■ TASK: Begin at the line holding "Travels for Food" and set down exactly each line through the last one below, omitting pictures. Include nothing else.

■ DATASET SECTION:

──────────

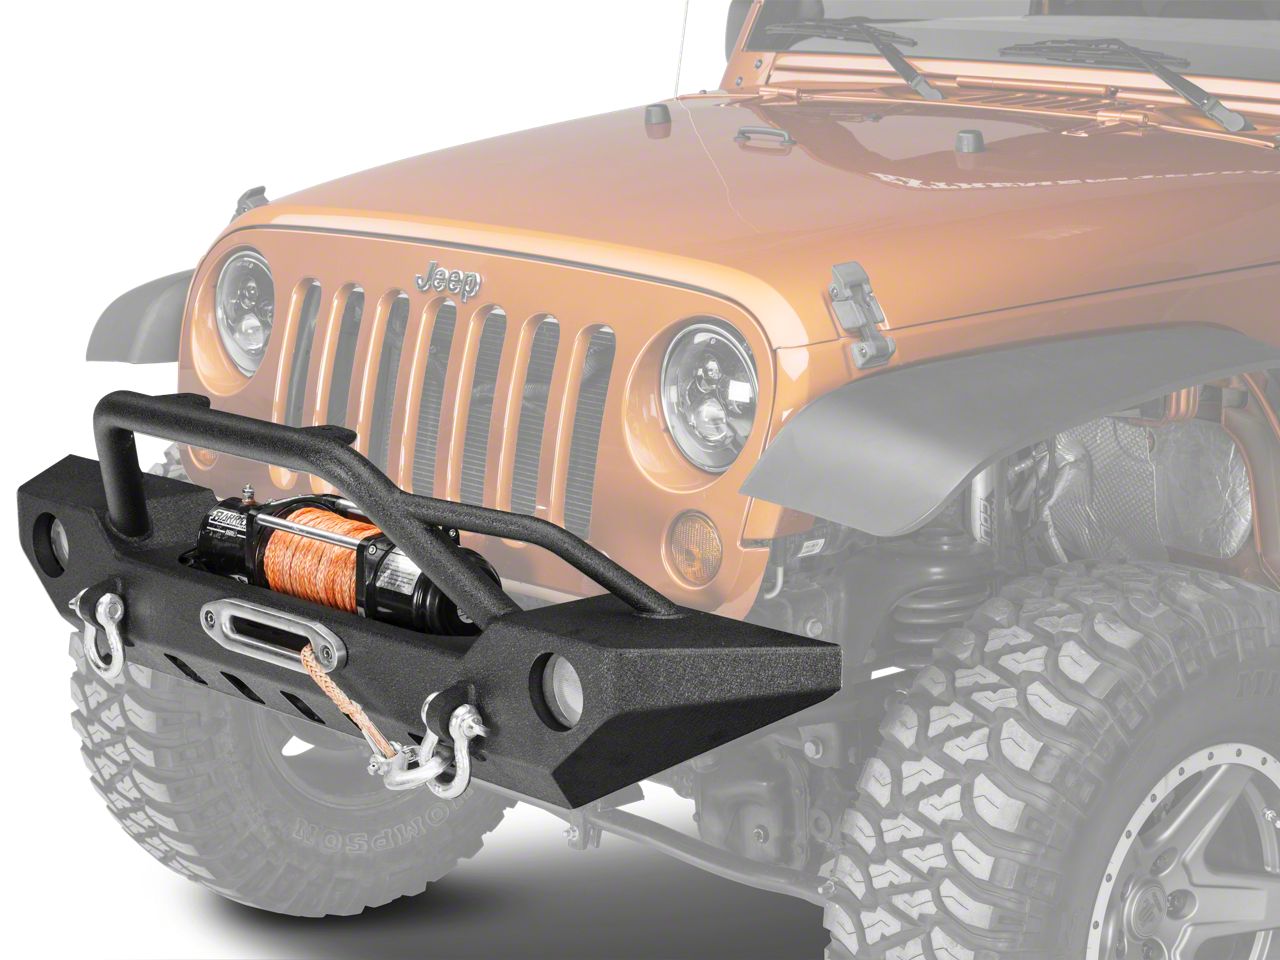 2010 Jeep Wrangler JK Accessories & Parts | ExtremeTerrain
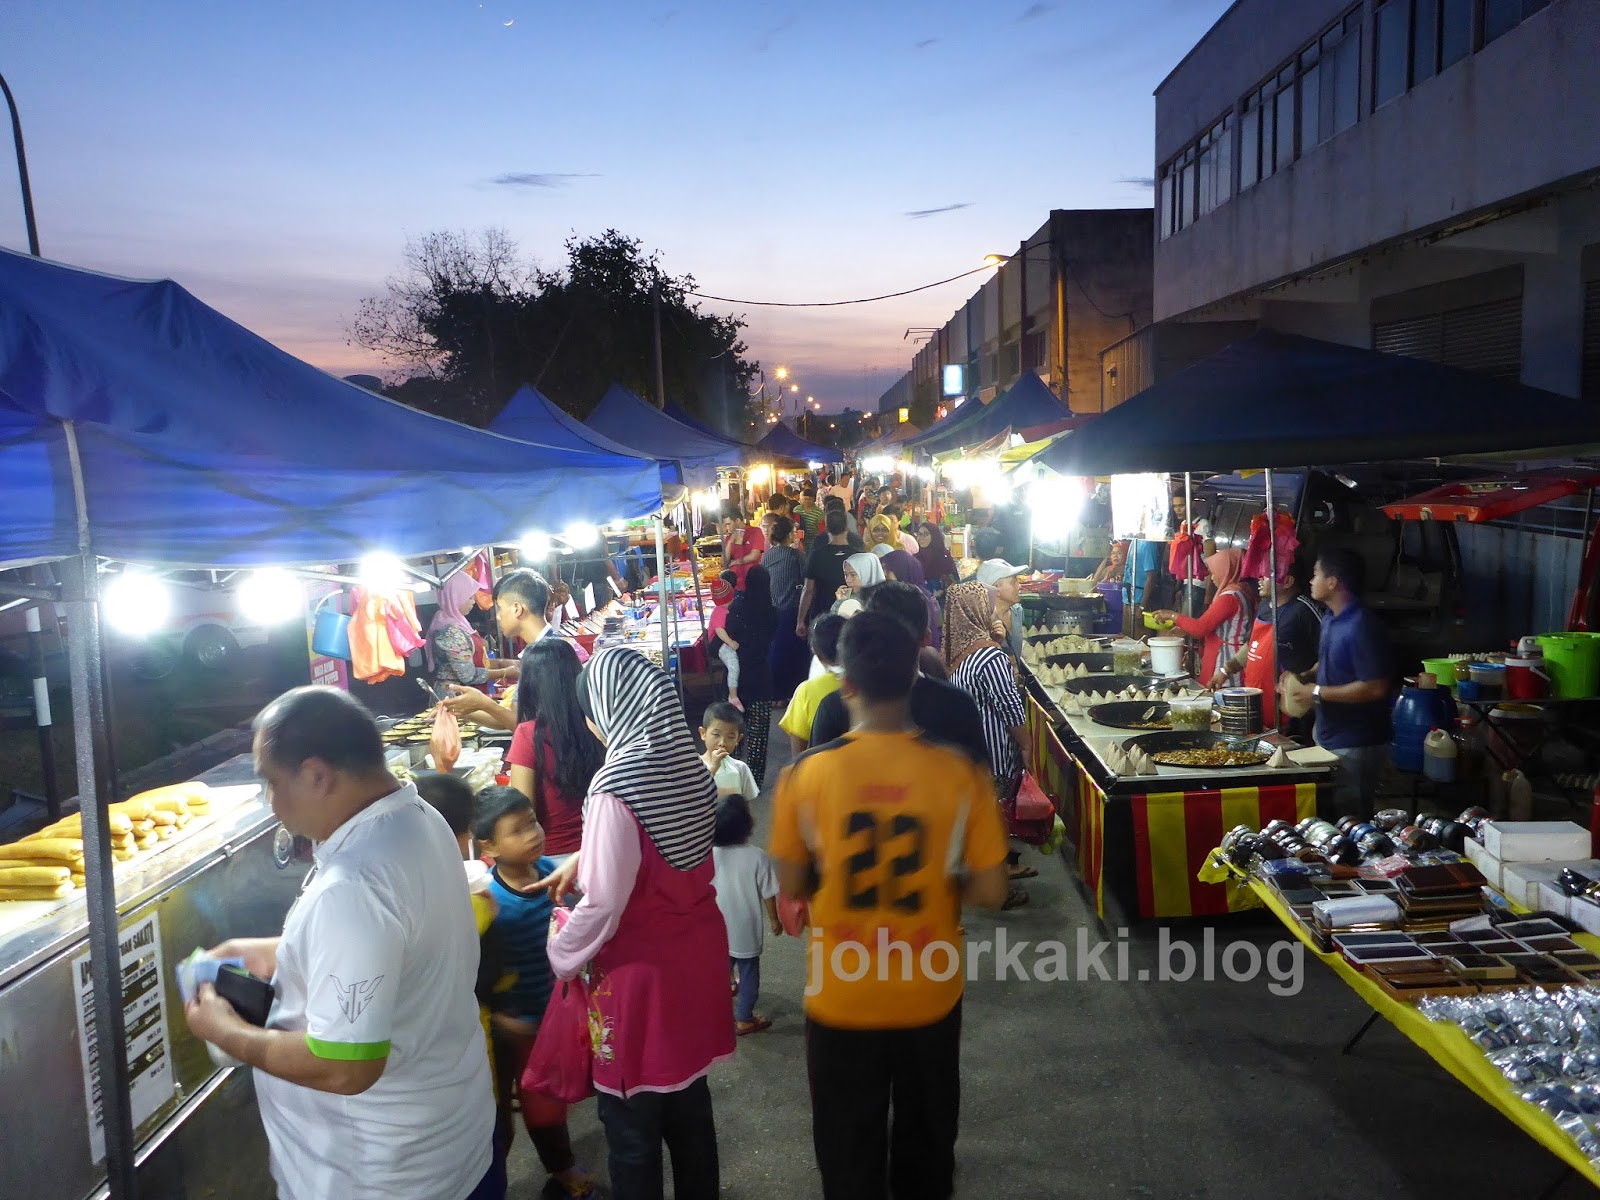  Pasar  Malam  Tangkak Johor    Johor Kaki Travels for Food
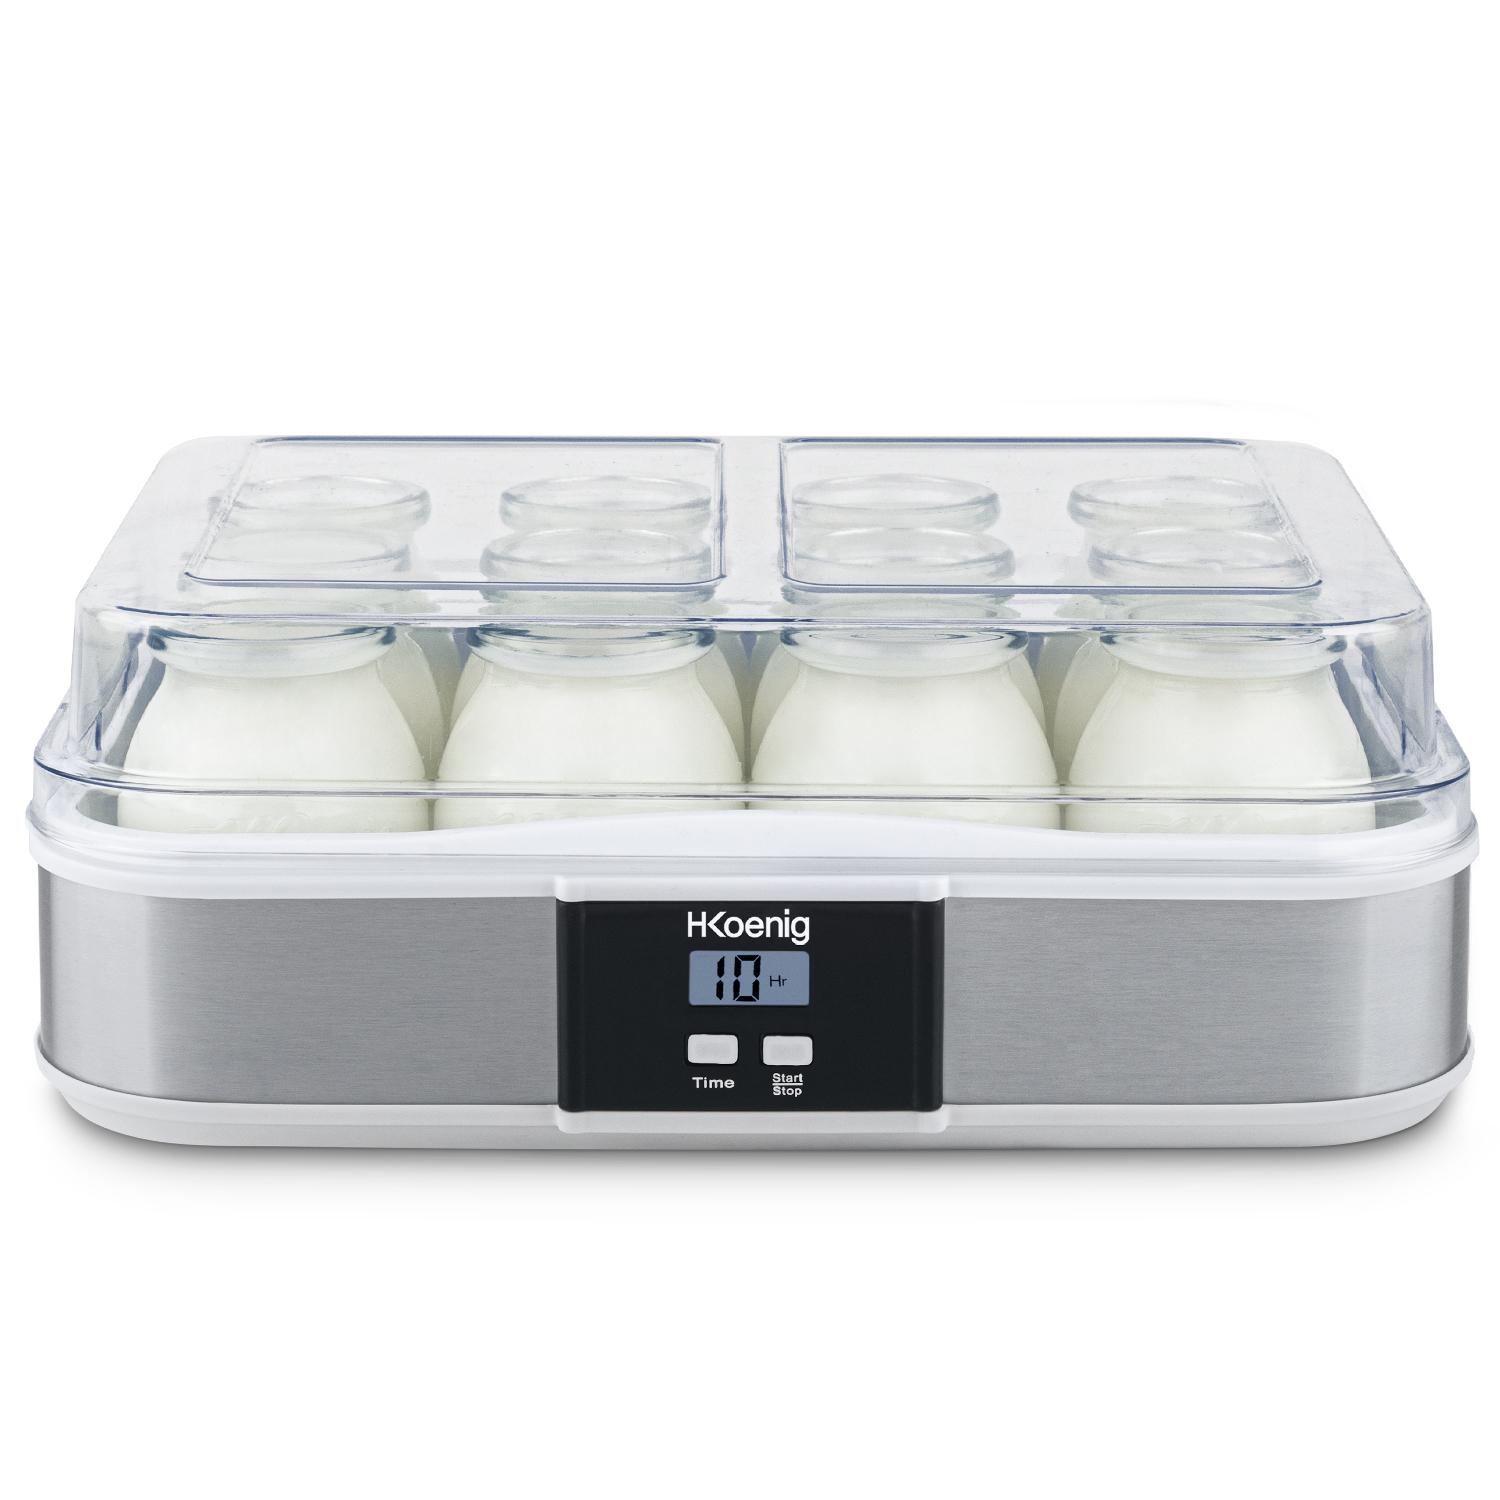 H.Koenig 12 pots yoghurt maker ELY120

──────────

■ YOUR SOLUTION:
  Pasar  Malam  Tangkak Johor    Johor Kaki Travels for Food
 H.Koenig 12 pots yoghurt maker ELY120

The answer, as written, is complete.